The sheer nastiness of the comments from the ‘pro’ side take some believing. As it happens, I probably do come under the heading of what they mean by ‘homophobe’; I find the spectacle of two men kissing and holding hands repugnant, and I can’t think about what they do sexually without wishing to be sick. Am I ashamed of this? No I am not. There is a reason our visceras react to some things with repugnance. If you are offended by this, well I am not in the slightest bit sorry, but there’s a reason my stomach turns at the smell of rotten meat or a mushroom which is really a toad stool – it is nature’s way of warning me that this thing is bad for me. So yes, part of my opposition to this bill is opposition to the practice of homosexuality.
In most societies we know of, people have reacted the same way to male homosexuality. If you are trendy then you can say that I should get over it; if you aren’t, you’ll understand the naturalness of the reaction. You can go against nature all you like of course; don’t expect anything good to come from it.
I taught in boys’ schools for 40 years, some of them boarding schools where we had our problems with what we used to call ‘the usual’. Young men are a lusty lot, and if you don’t civilise the little so and sos, and even if you do, their hormones will run riot, and if they don’t have a lass near by, they’ll find a substitute. There were those who counselled turning a Nelsonian eye; I dissented. Not only was it illegal (as it still is under 18), it ran the risk of letting them think that we approved of it.

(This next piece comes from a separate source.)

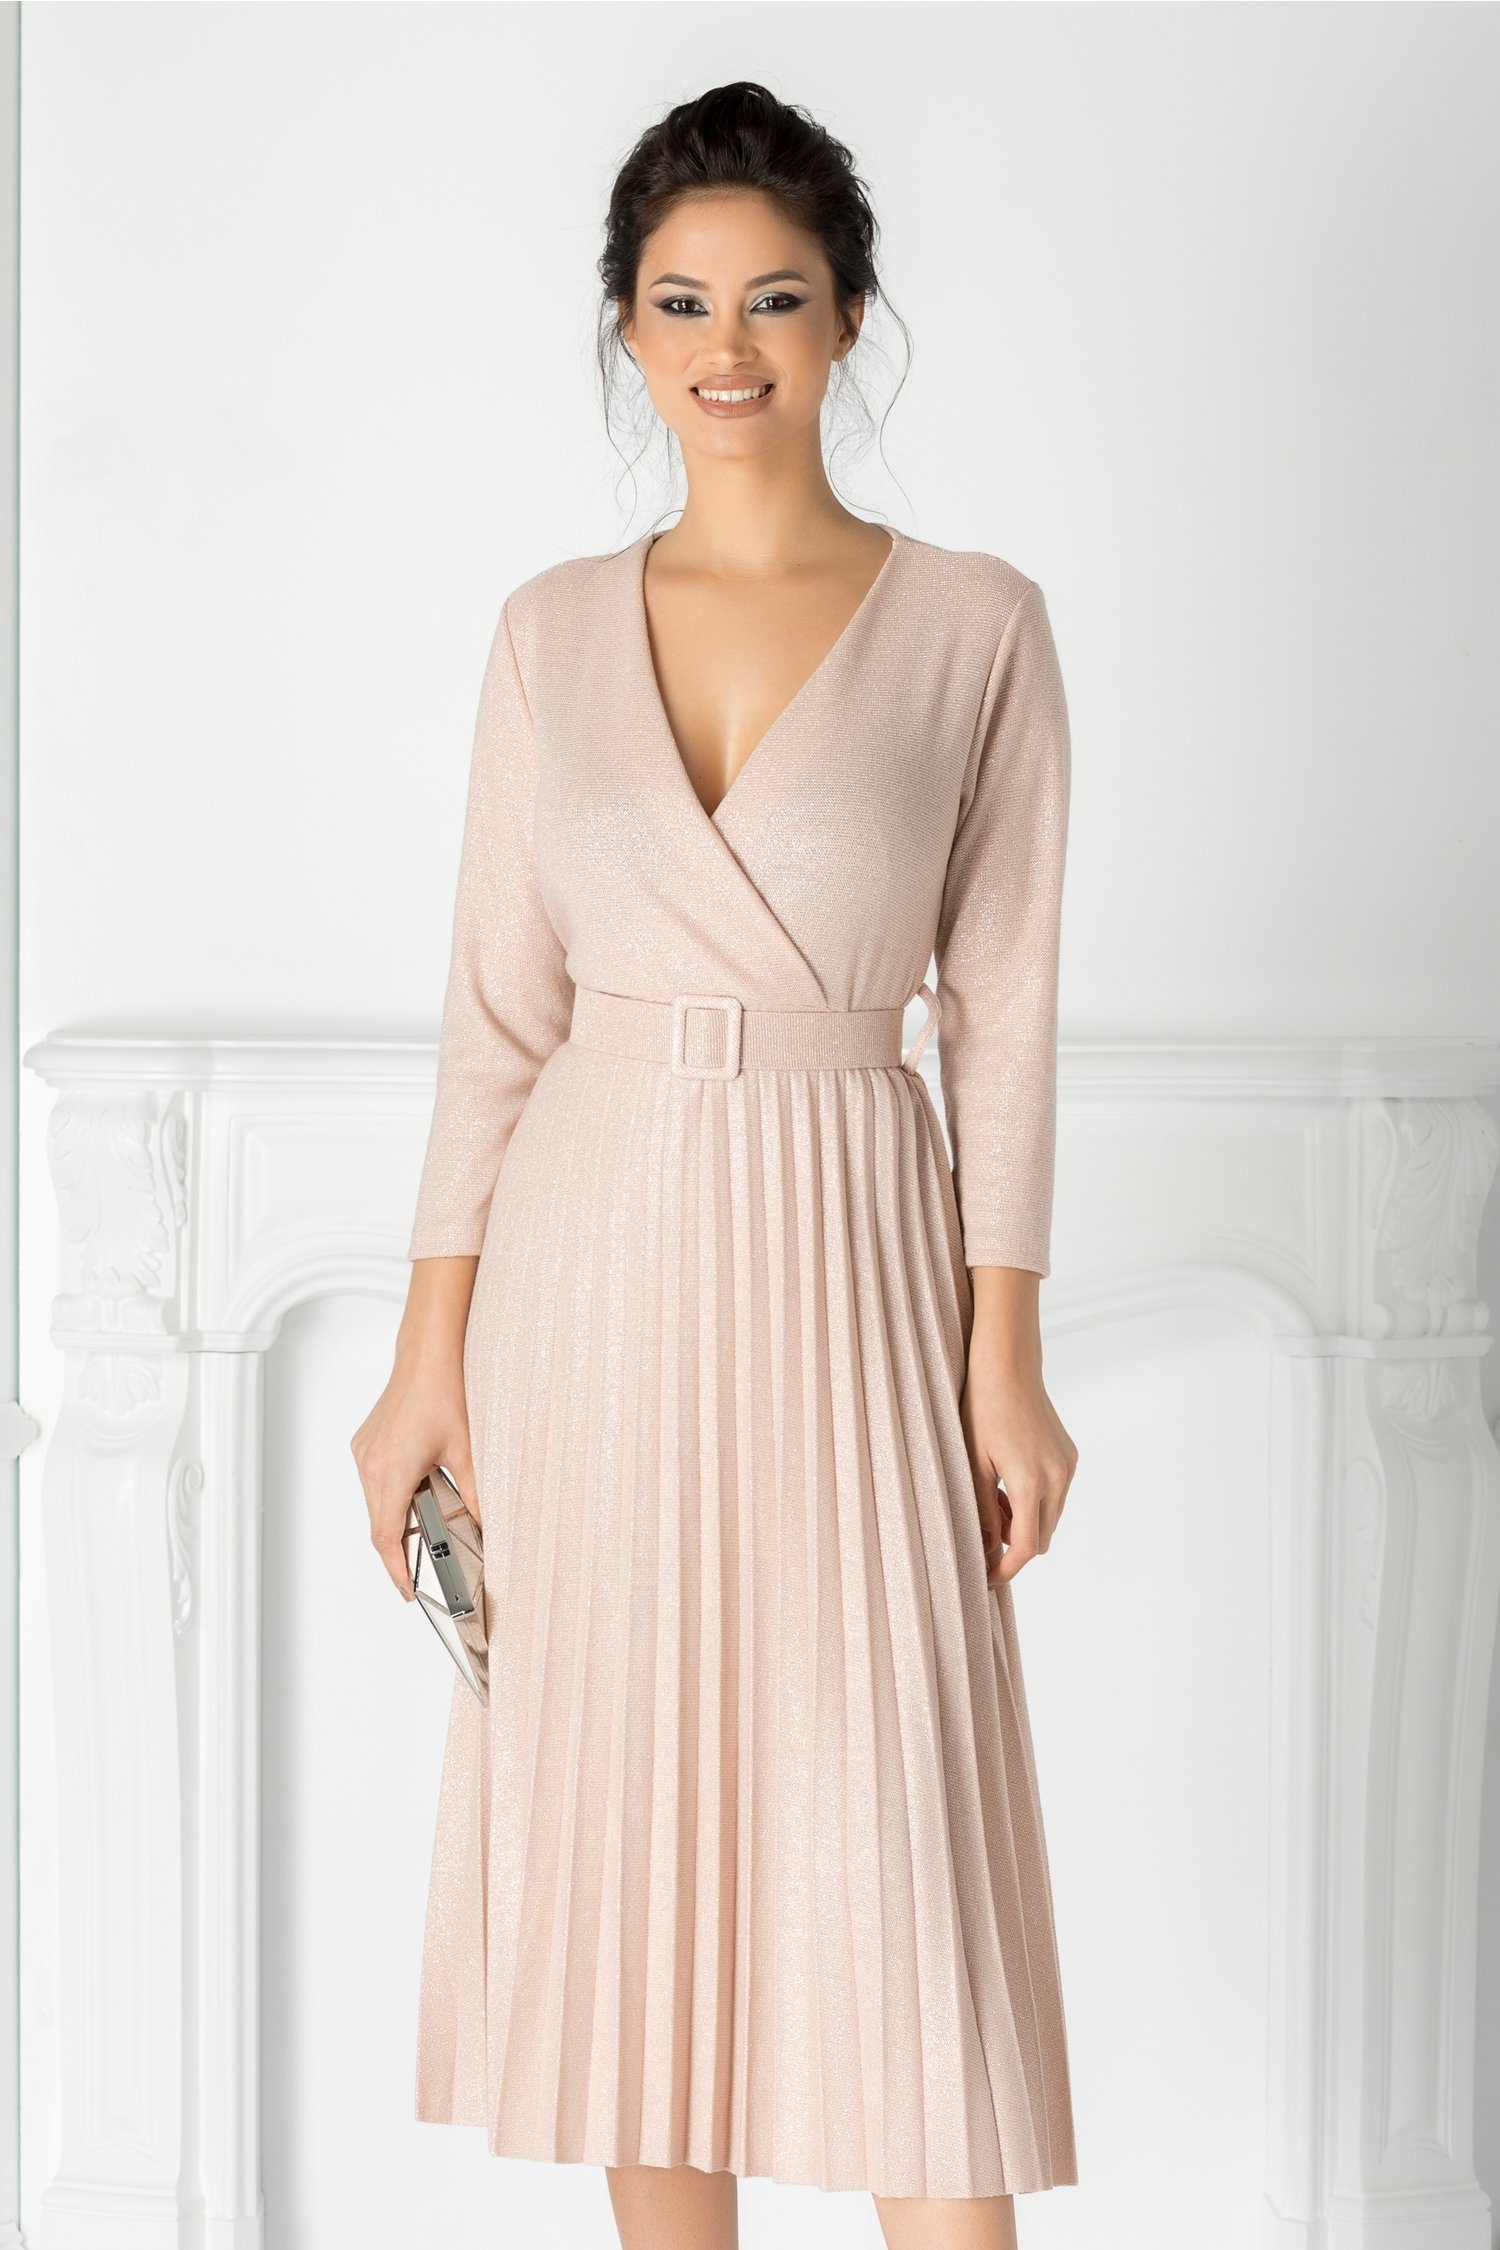 Rochie Carla roz plisata cu decolteu petrecut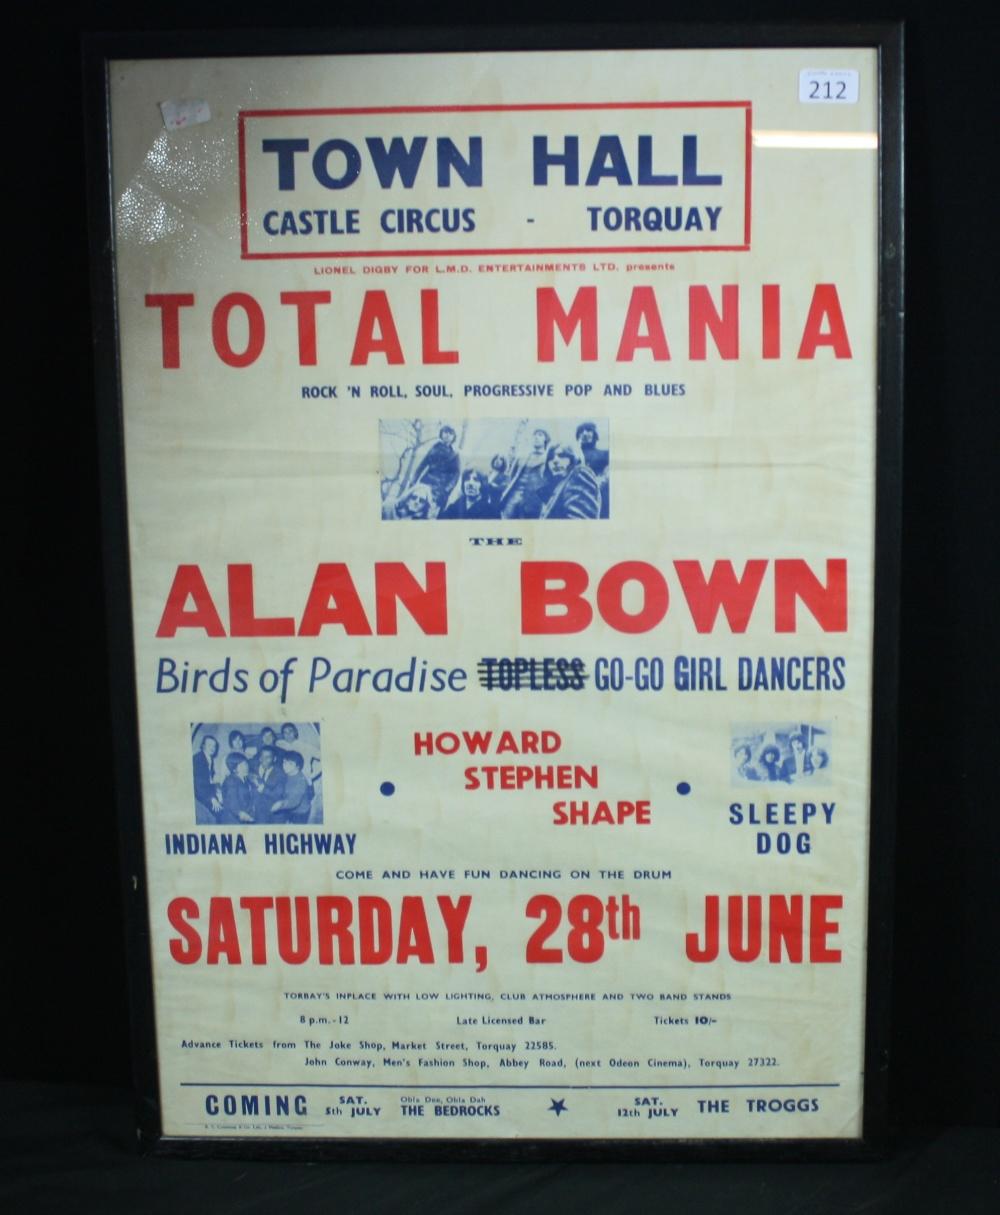 Lot 212 - CONCERT POSTER - Original framed concert poster for `Town Hall - Castle Circus - Torquay`. Headline

Was some poor lad hard done by? No more than some lad at a mixed sex school was was told he couldn’t misbehave with the lasses. Whatever the nut-doctors say, children like simple rules; the more complex they are, the easier it is for them if you keep it simple.
Of course, in all adolescents, hormones run wild; if you don’t stop the little darlings, so will they. Make it clear that infractions of the rules will be punished, and most of them get the message. It makes it easier to deal with those who can’t or won’t, because most children will. The single worst thing which happened over my time in teaching was the decline in confidence amongst the adults. I’m a peaceable man, but would be prepared to take a gun to educationalists who tell us that the children need understanding. To the devil with that, they need boundaries, and they need to understand they are not the centre of the universe. Once that is established, you will get somewhere.
So, telling adolescents that it is fine to do what you like as long as you ‘love; someone, is precisely the wrong message. We used to hear a lot about repression. We could do with more repression and less license.